When you find the line with "AAA OFFERS THRILLING" among the records below, reproduce it and each line after it exactly, ending with the line with "SP Bel-Art, H-B".

(Dataset items)
+---+
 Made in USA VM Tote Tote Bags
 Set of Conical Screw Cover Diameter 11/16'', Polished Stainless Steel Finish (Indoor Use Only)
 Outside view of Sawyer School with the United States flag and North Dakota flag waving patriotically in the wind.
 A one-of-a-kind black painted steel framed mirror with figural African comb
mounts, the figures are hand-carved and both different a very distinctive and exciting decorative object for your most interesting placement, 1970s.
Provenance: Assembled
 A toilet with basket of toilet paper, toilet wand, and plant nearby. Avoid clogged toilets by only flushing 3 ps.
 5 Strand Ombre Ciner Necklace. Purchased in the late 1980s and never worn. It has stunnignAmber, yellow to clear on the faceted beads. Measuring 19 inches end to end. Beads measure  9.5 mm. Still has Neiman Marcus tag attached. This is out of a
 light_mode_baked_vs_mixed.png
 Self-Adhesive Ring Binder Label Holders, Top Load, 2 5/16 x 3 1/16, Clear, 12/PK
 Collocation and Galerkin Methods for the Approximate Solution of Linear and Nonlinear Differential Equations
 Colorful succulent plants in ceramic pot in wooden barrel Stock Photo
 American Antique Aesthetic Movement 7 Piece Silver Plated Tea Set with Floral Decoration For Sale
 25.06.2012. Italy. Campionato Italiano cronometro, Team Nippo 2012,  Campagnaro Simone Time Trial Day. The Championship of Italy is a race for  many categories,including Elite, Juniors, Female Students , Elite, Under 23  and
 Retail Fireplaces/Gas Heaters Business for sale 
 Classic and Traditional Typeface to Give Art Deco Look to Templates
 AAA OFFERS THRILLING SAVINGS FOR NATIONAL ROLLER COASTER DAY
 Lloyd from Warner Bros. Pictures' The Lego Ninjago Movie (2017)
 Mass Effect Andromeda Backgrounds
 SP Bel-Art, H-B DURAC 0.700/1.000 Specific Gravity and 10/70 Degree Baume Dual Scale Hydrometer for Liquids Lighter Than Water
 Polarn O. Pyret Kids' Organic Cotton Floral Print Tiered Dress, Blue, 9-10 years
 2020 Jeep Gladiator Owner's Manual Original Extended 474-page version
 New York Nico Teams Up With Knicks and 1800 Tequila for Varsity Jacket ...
+---+
Expected answer
 AAA OFFERS THRILLING SAVINGS FOR NATIONAL ROLLER COASTER DAY
 Lloyd from Warner Bros. Pictures' The Lego Ninjago Movie (2017)
 Mass Effect Andromeda Backgrounds
 SP Bel-Art, H-B DURAC 0.700/1.000 Specific Gravity and 10/70 Degree Baume Dual Scale Hydrometer for Liquids Lighter Than Water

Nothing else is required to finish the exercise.